No soy el abogado defensor de la Suprema Corte de Estados Unidos ni quiero parecerlo. Por eso, nunca diré algo que lastime a los mexicanos si proviene de los extranjeros.

Pero, como abogado, creo que es necesario que exprese mi opinión, a sabiendas de que conozco del asunto, lo que han surtido las noticias y las declaraciones oficiales, pero no por el expediente completo. Además, no tengo por qué ni para qué conocerlo.

Me estoy refiriendo a la resolución de la Suprema Corte de Estados Unidos en el sentido de impedir que los jueces de Distrito detengan los efectos de la orden presidencial sobre la nacionalidad de los hijos de migrantes. Ésta ha sido muy celebrada por el equipo presidencial. Han dicho que “frenaron” a los jueces adversos. Yo no creo que ya les haya llegado el momento de tronar cohetes. Quizá nada más tengan que recoger varas.

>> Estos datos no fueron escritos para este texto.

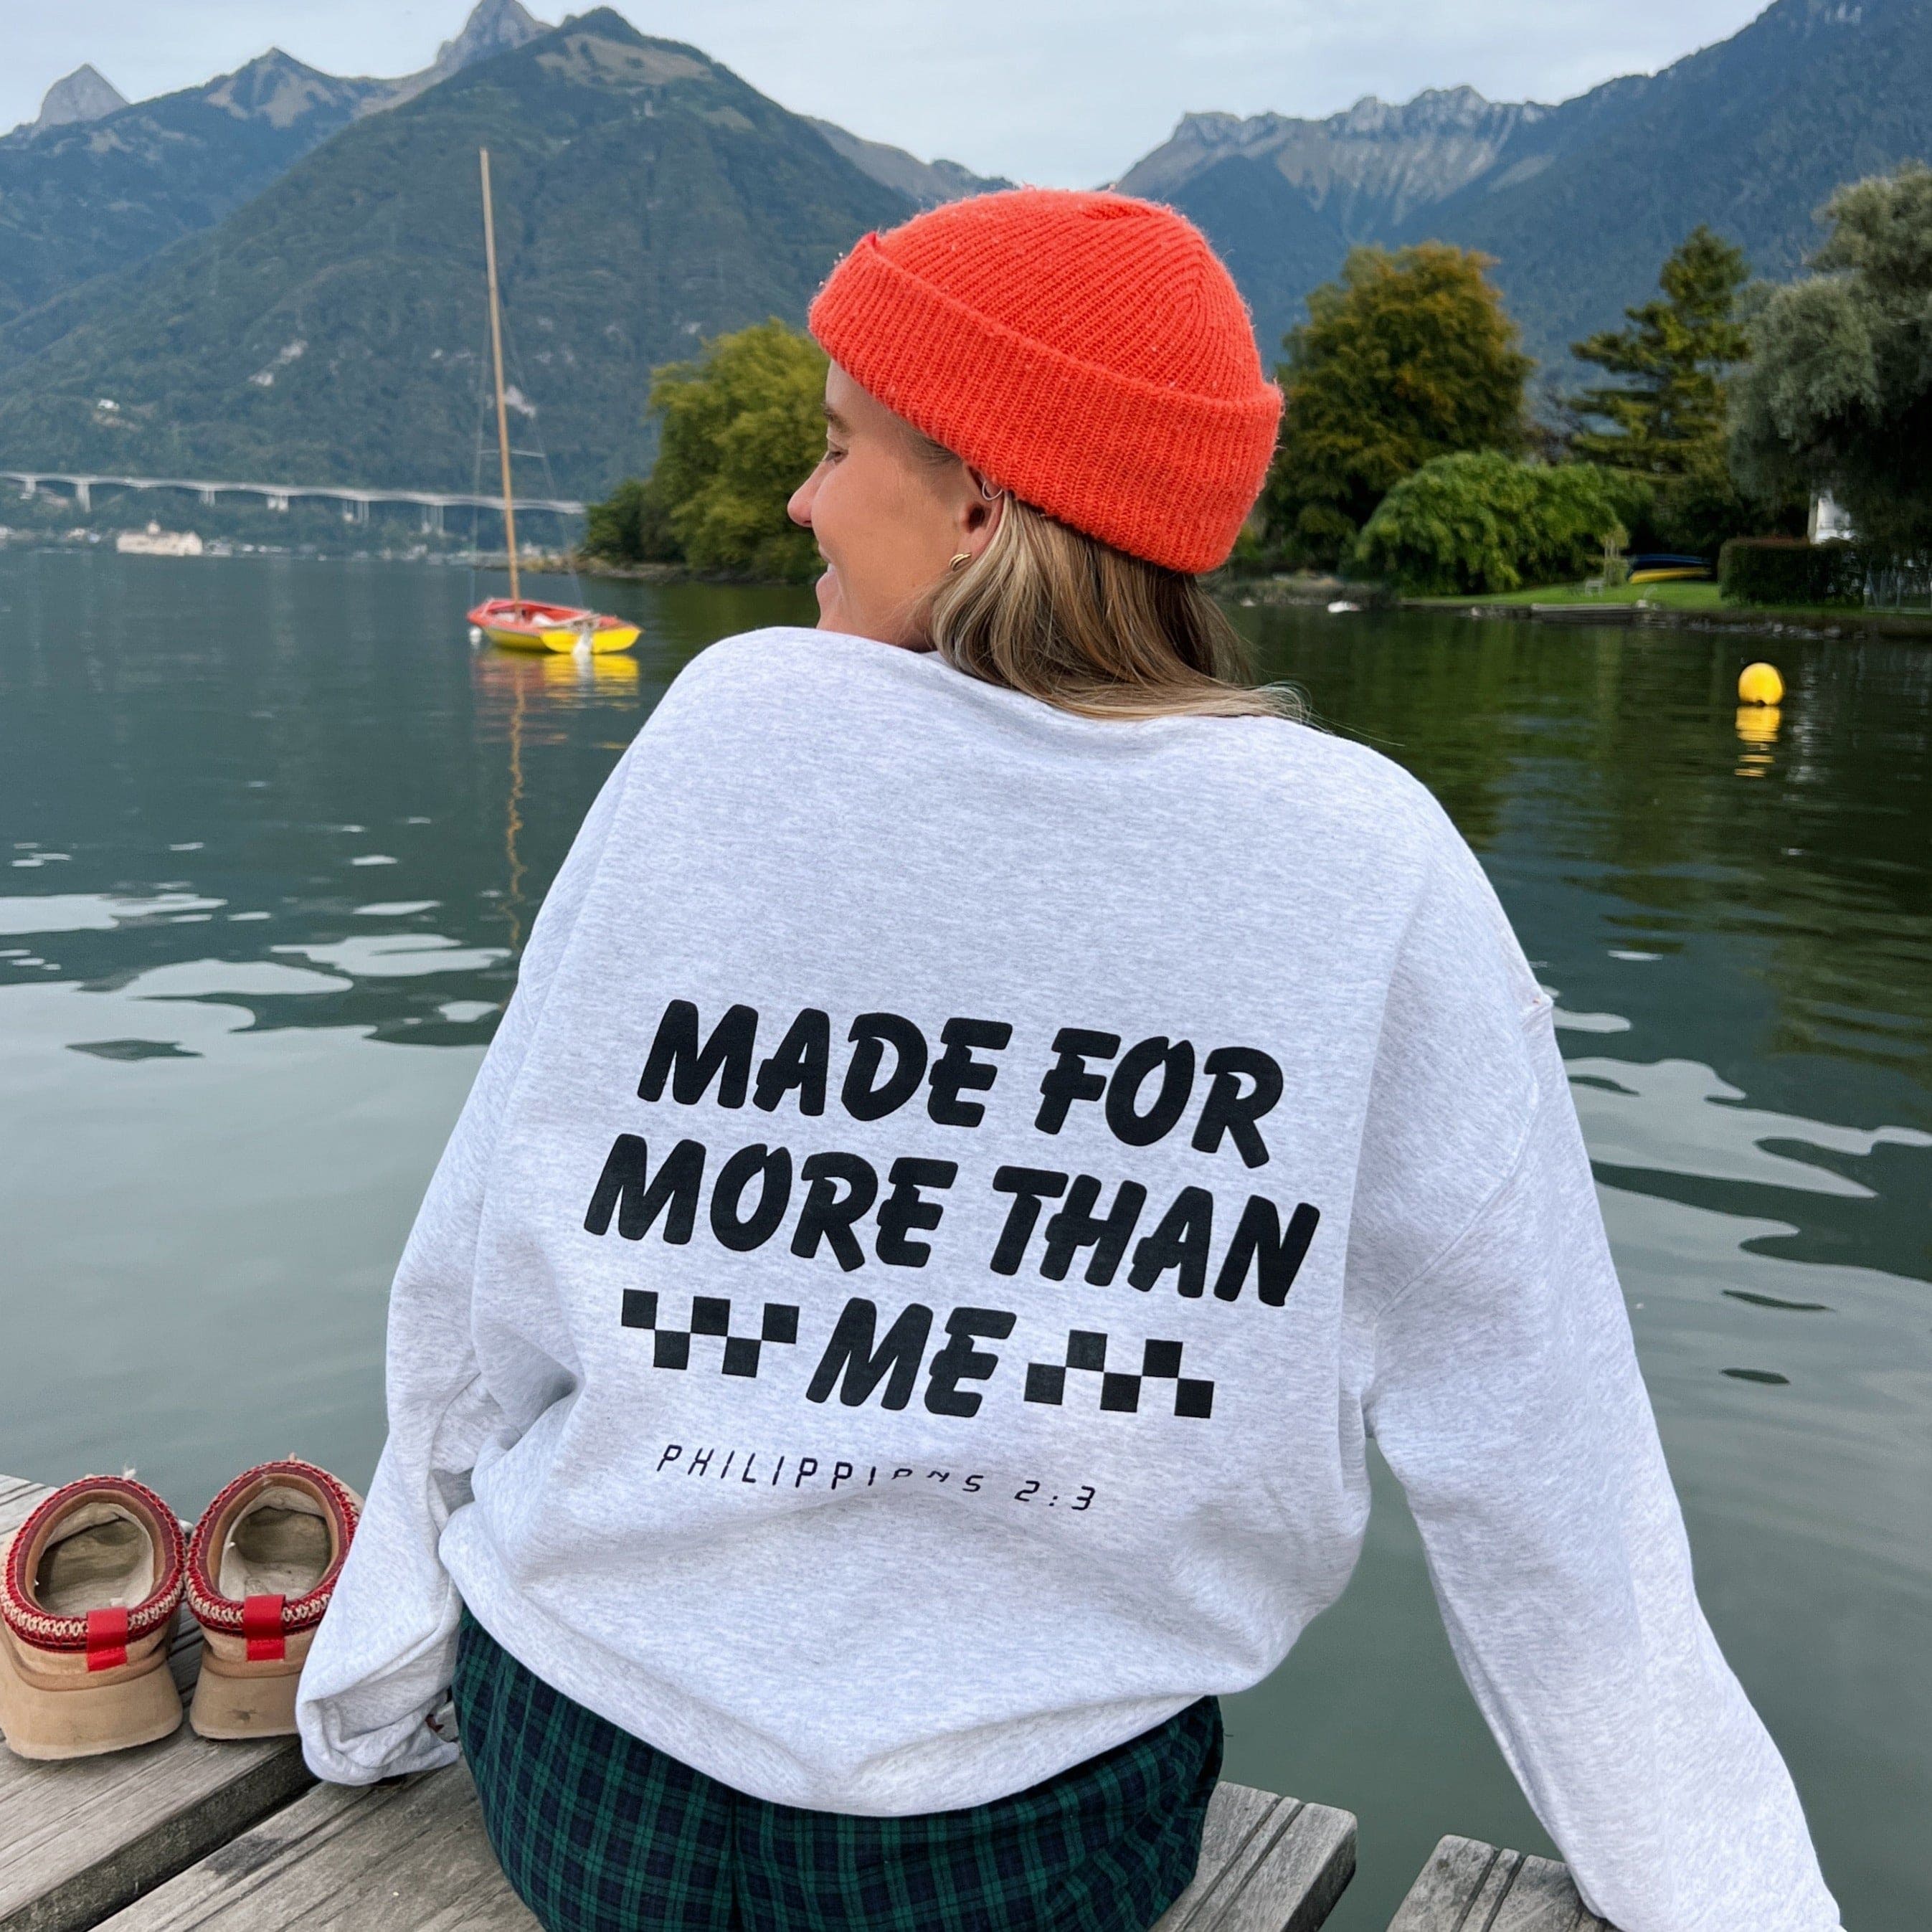 LMTE Love will Save Crewneck Sweatshirt – Love More Than Ever

La resolución tiene probables aciertos y probables errores de la justicia suprema del vecino país y voy a referirlos de la manera más sucinta que pueda. Simplemente quiero compartir mi interpretación de una resolución judicial que, como suele suceder, requiere explicaciones de los abogados, así como los análisis clínicos requieren explicaciones de los médicos.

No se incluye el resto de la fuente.